Conclusions and recommendations
Galvanising other donors
1. We
agree that the forthcoming UN summit on progress towards the Millennium
Development Goals in September 2010 is an important moment to
renew commitments to aid allocations. Some donors have already
fallen short of their interim commitments. We understand that
countries often fail to meet their aid commitments because of
political and economic circumstances unrelated to the acknowledged
need for aid. The UK is already seen as a leader in international
development both in terms of funding and delivery of programmes.
While UK legislation on the target could provide a demonstration
of support for the target ahead of the UN summit, we are not convinced
that such legislation will necessarily galvanise other donors,
especially those suffering the worst effects of the recession,
to meet their aid commitments. (Paragraph 12)
Increased predictability for developing countries
2. The
extent to which commitment to an overall target could provide
greater certainty to individual countries is not clear cut given
the range of variables. Legislation may help developing countries
to know approximately what the UK's aid budget would be over a
period of years, but this will not eliminate yearly fluctuations
resulting from changes in GNI since the target is a percentage
rather than an actual amount. Nor can the impact of changes in
currency values be easily avoided. The most important indicator
of development assistance available to developing countries remains
the amount of Country Programmable Aid, which the proposed legislation
does not address. Nevertheless we agree that the Bill would provide
a degree of predictability at the macro levelthat the total
UK aid envelope would not significantly changeand this
would send a positive message to developing countries about the
UK's overall commitment to international development. (Paragraph
19)
Ensuring ODA achieves poverty reduction
3. The
draft Bill does not propose any changes to the 2002 International
Development Act requirement that DFID funding is spent on poverty
reduction. Nevertheless we think that there is a very real danger
that, as aid levels increase over the next few years to meet the
already agreed 0.7% target, more ODA will be spent through other
government departments which are not subject to the 2002 Act.
Such expenditure may not therefore have poverty reduction as its
primary objective. We are concerned that this would have an impact
on the very high reputation of the UK as a donor. To promote greater
transparency on ODA expenditure we recommend that the Government
make provision in any new Bill for the detailed reporting to Parliament
of ODA expenditure by other government departments as part of
the DFID Annual Report. We further recommend that the Government
explore the possibility of making all ODA subject to the 2002
International Development Act. (Paragraph 26)
Accountability measures
4. We
believe that the draft Bill is weakened by its reference to economic,
fiscal or external circumstances as possible reasons for missing
the target. If the target becomes law, it should be expected that
it will be met each year by the Government. Should the target
not be met, a robust explanation of this failure would be expected
by Parliament. The Bill should not try to pre-empt or legitimise
failure by including a list of acceptable reasons for missing
the target. We recommend removing the references in Clause 2 (3)
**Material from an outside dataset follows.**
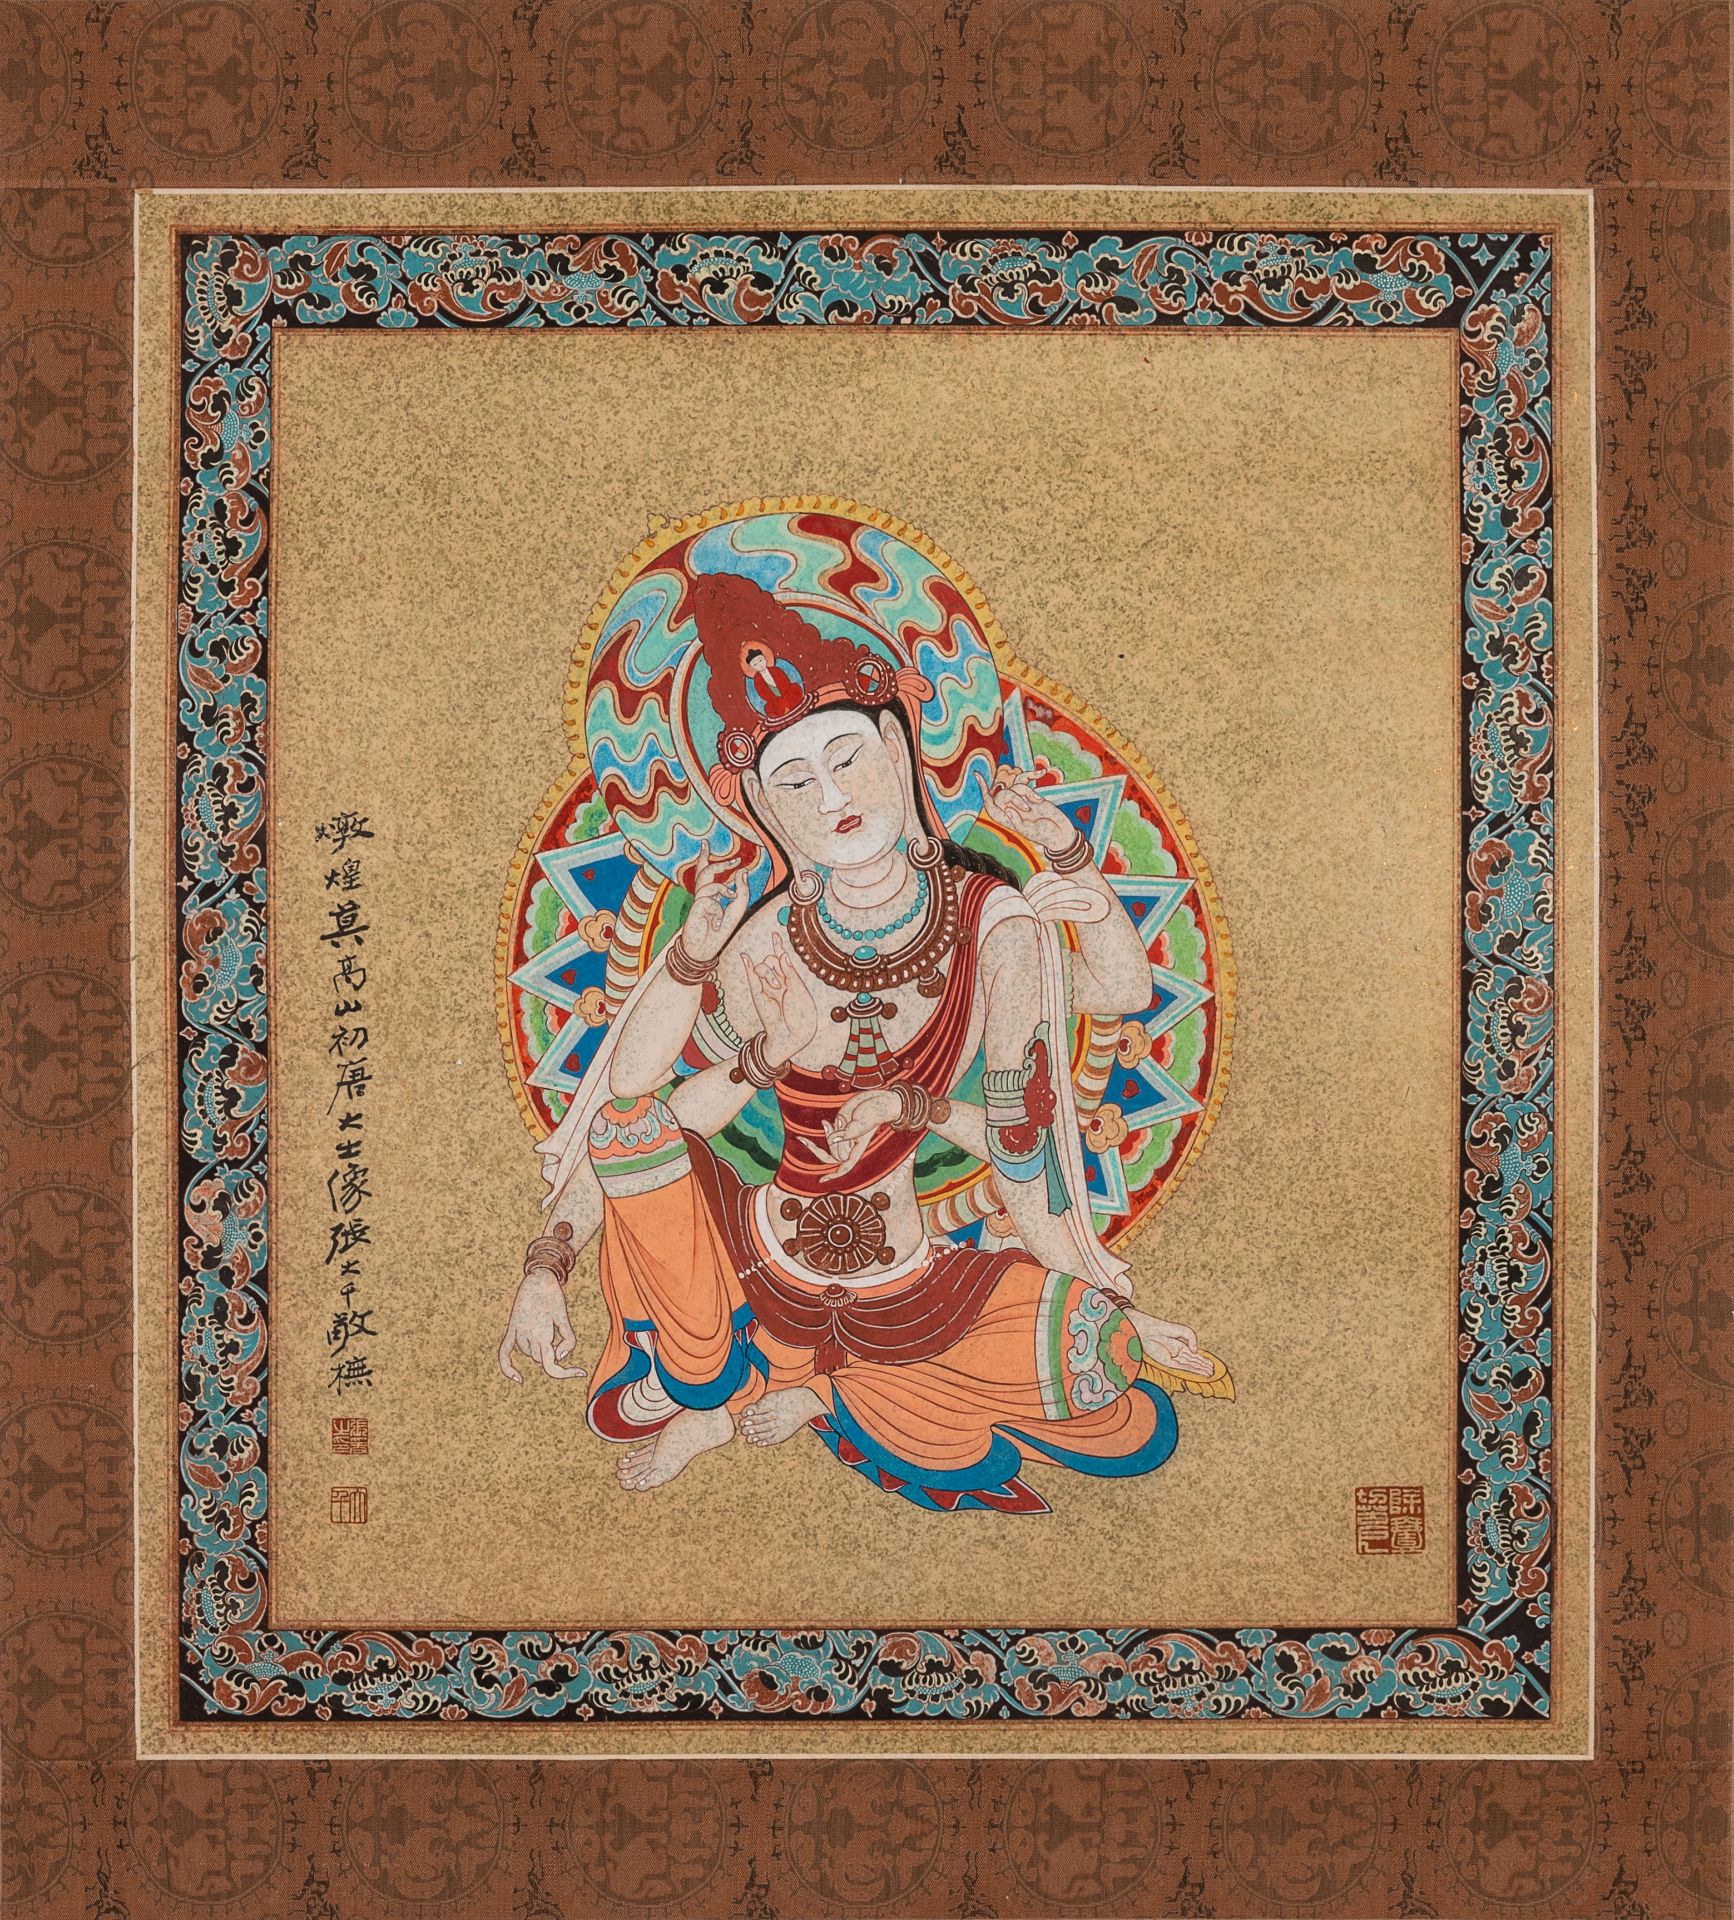 Zhang Daqian (1898-1983): 'Bodhisattva', ink and colour on gold paper - Image 3 of 6

to economic, fiscal and external circumstances. (Paragraph 30)
5. The
Government did not provide us with an adequate explanation of
why an action plan was not necessary should the target not be
met. While we accept that the Government may intend to meet the
target and would seek to remedy any shortfalls recorded in its
Annual Report, its accountability to Parliament should include
a statement of any actions already taken and those planned in
order to meet the target in the following year. In such instances
we recommend that this action plan be included in its Annual Report,
on which this Committee will take evidence and report to the House.
The House would then have the opportunity to debate the options
set out in the action plan. (Paragraph 33)
6. It
is clear that the Government does not intend compliance with the
0.7% target to be subject to a court of law other than Parliament.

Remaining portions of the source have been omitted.